Data segment:
- Opening Delimiter -
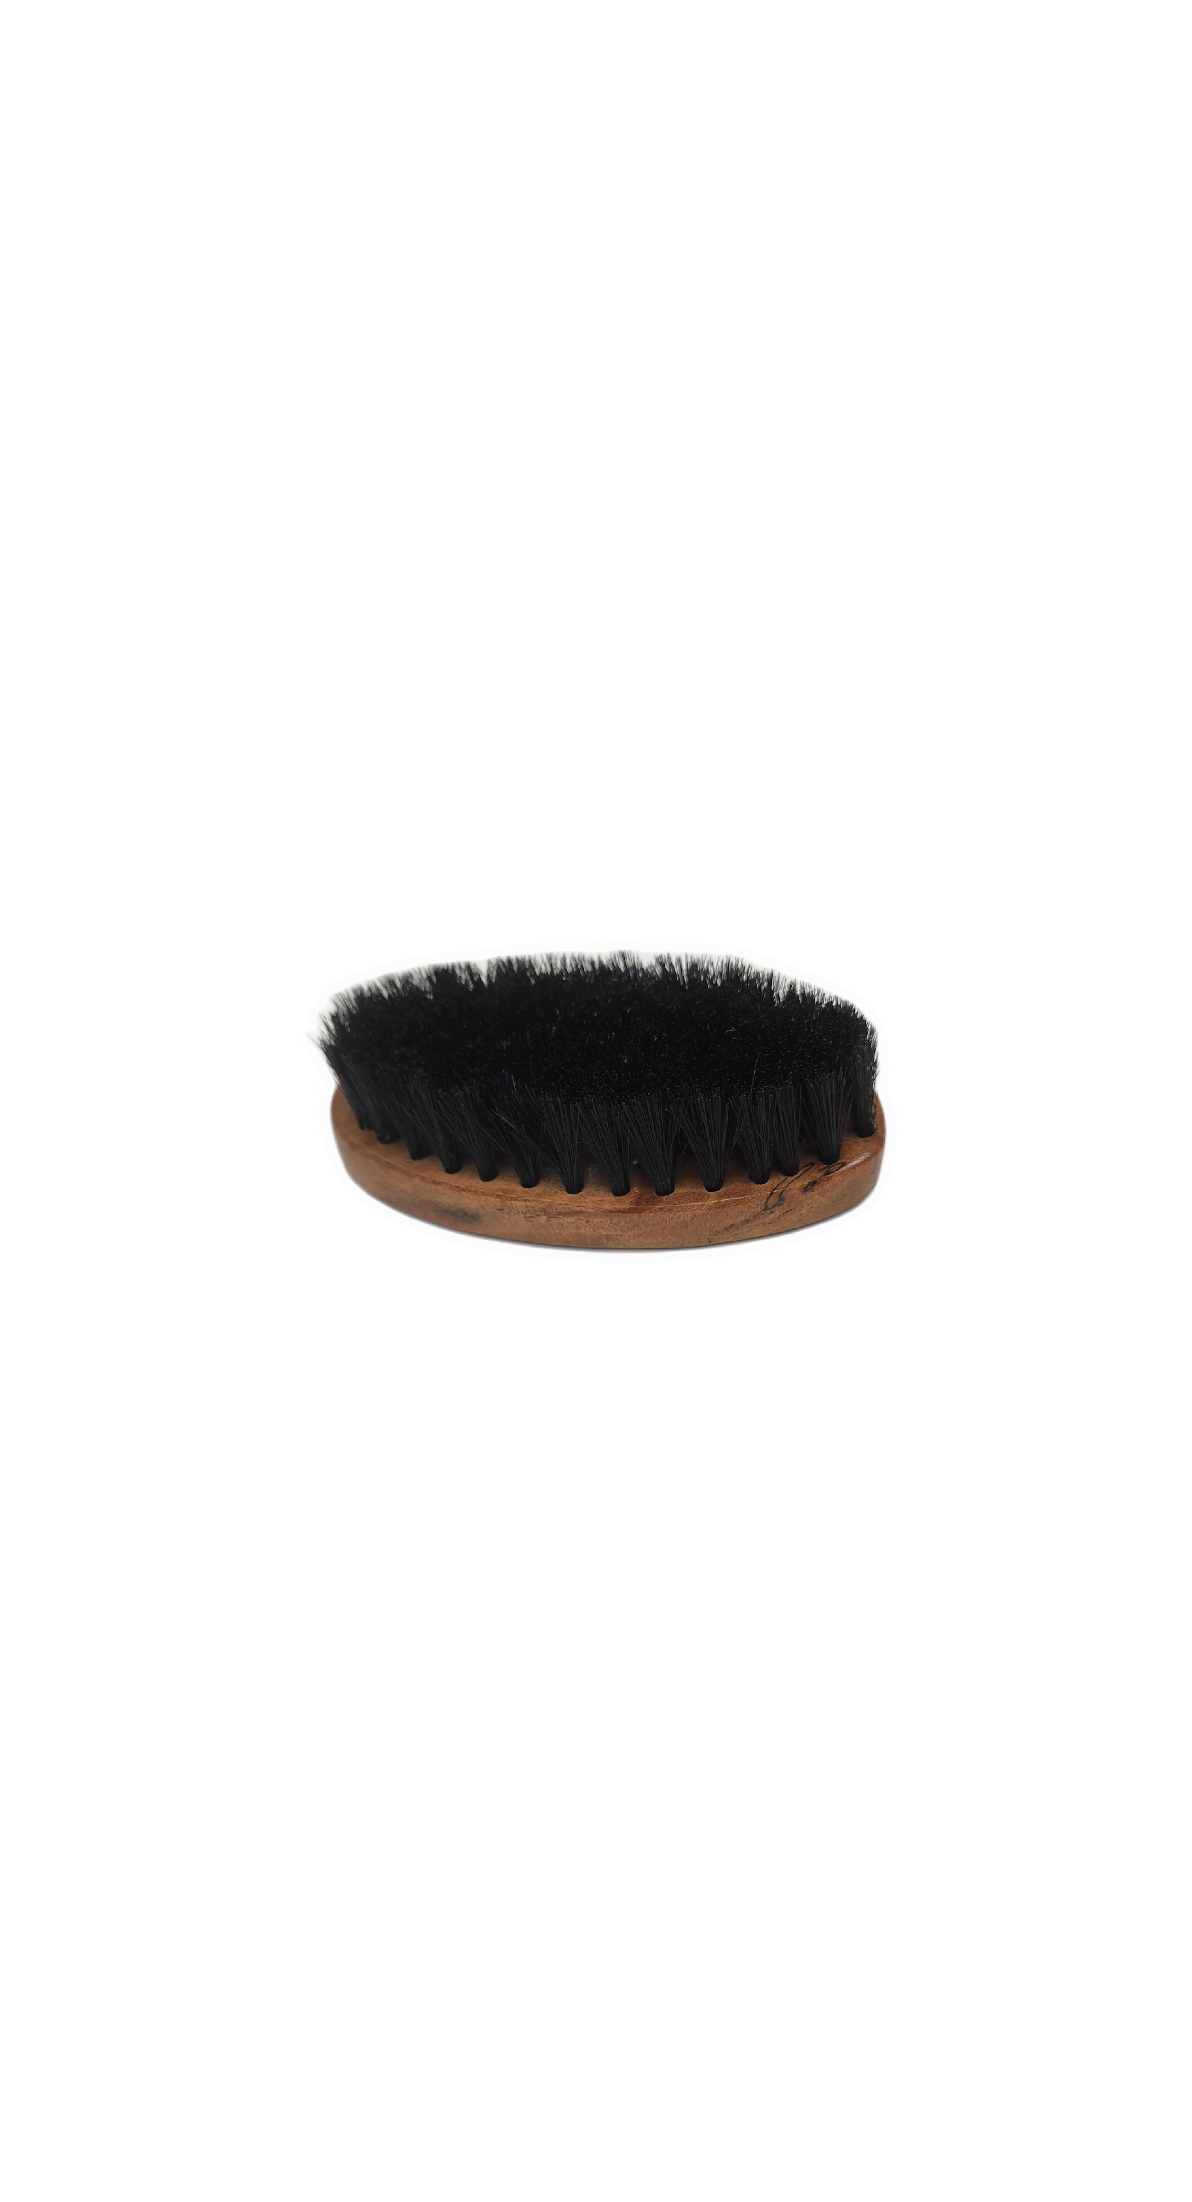 Boar Bristle Brush & Wood Comb box set
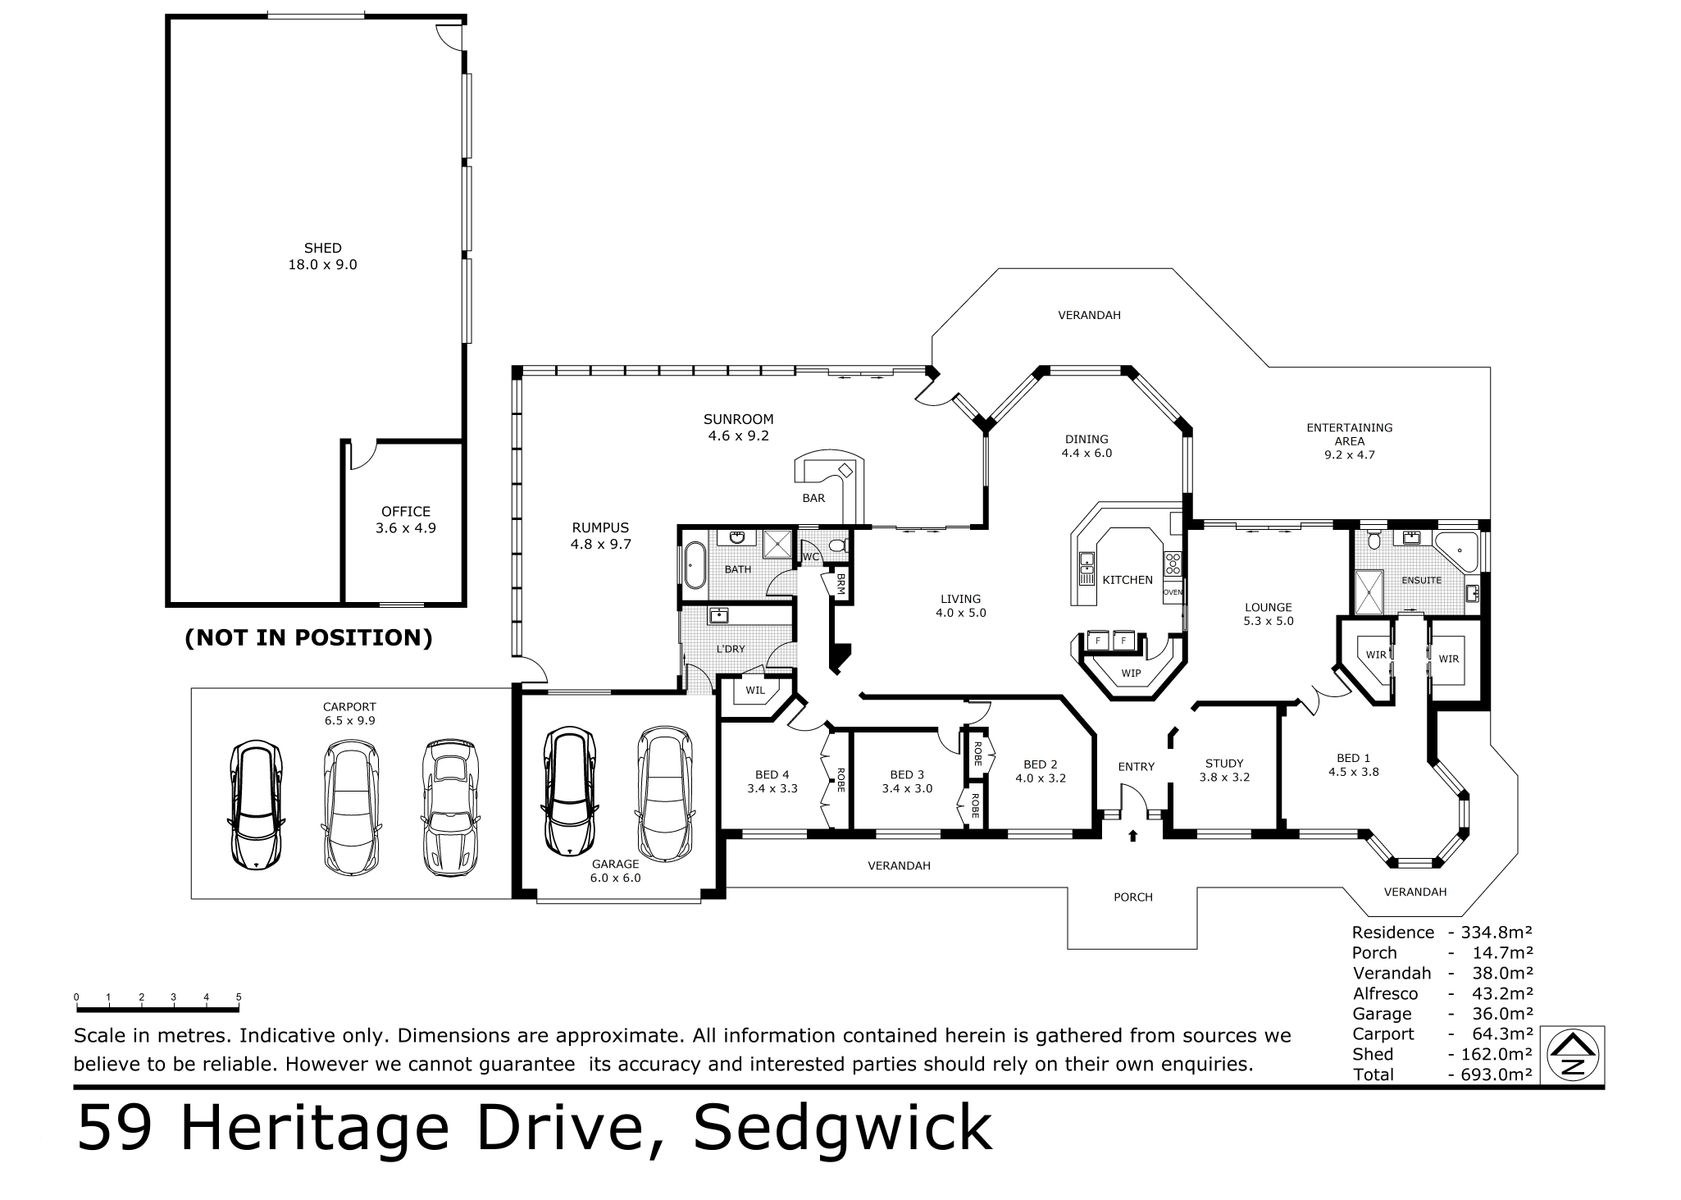 59 Heritage Drive Sedgwick HiRes 1
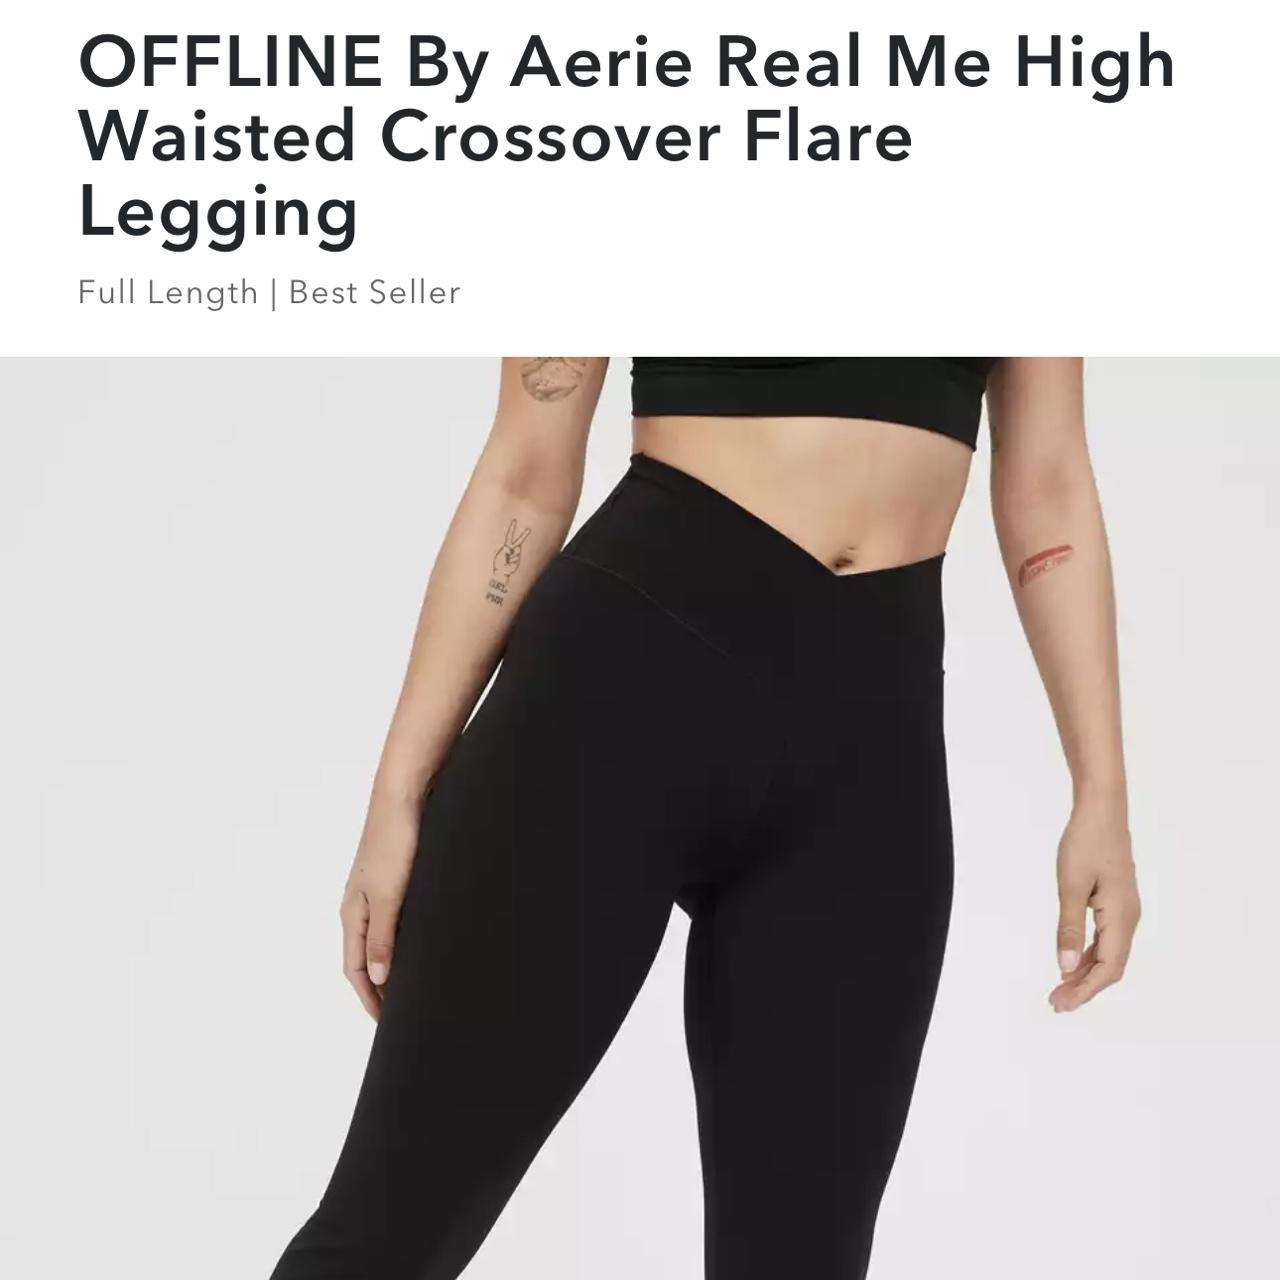 Aerie - OFFLINE By Aerie Real Me High Waisted Crossover Flare Legging on  Designer Wardrobe
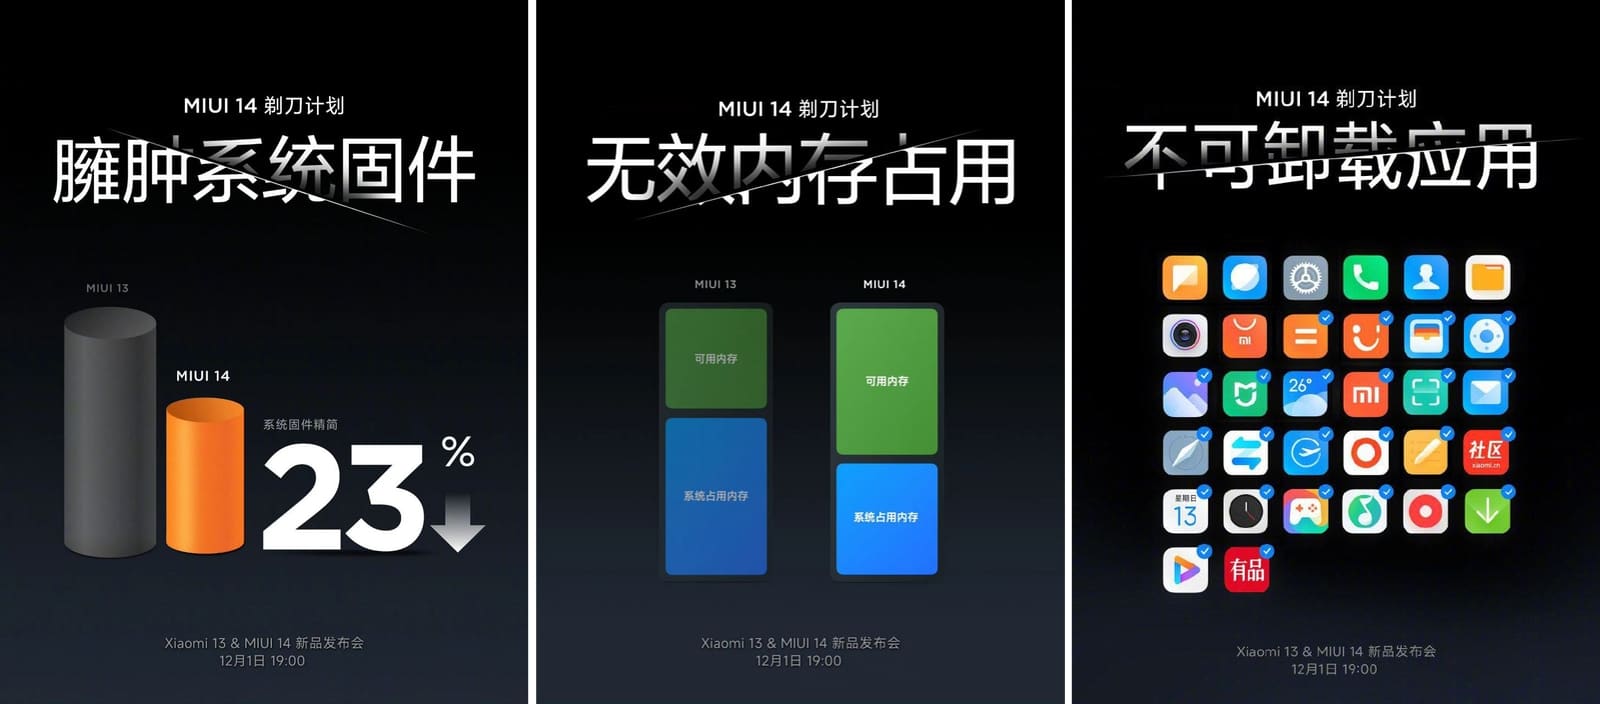 Прошить xiaomi 14. Супер иконки MIUI 14. MIUI 14 Global. Xiaomi MIUI 14. Xiaomi 13.
- Closing Delimiter -
Assigned task: Lines from the one containing "Aerie - OFFLINE" through the end of the material above must be reproduced exactly; pictures must not be.

Response to this task:
 Aerie - OFFLINE By Aerie Real Me High Waisted Crossover Flare Legging on  Designer Wardrobe
 Прошить xiaomi 14. Супер иконки MIUI 14. MIUI 14 Global. Xiaomi MIUI 14. Xiaomi 13.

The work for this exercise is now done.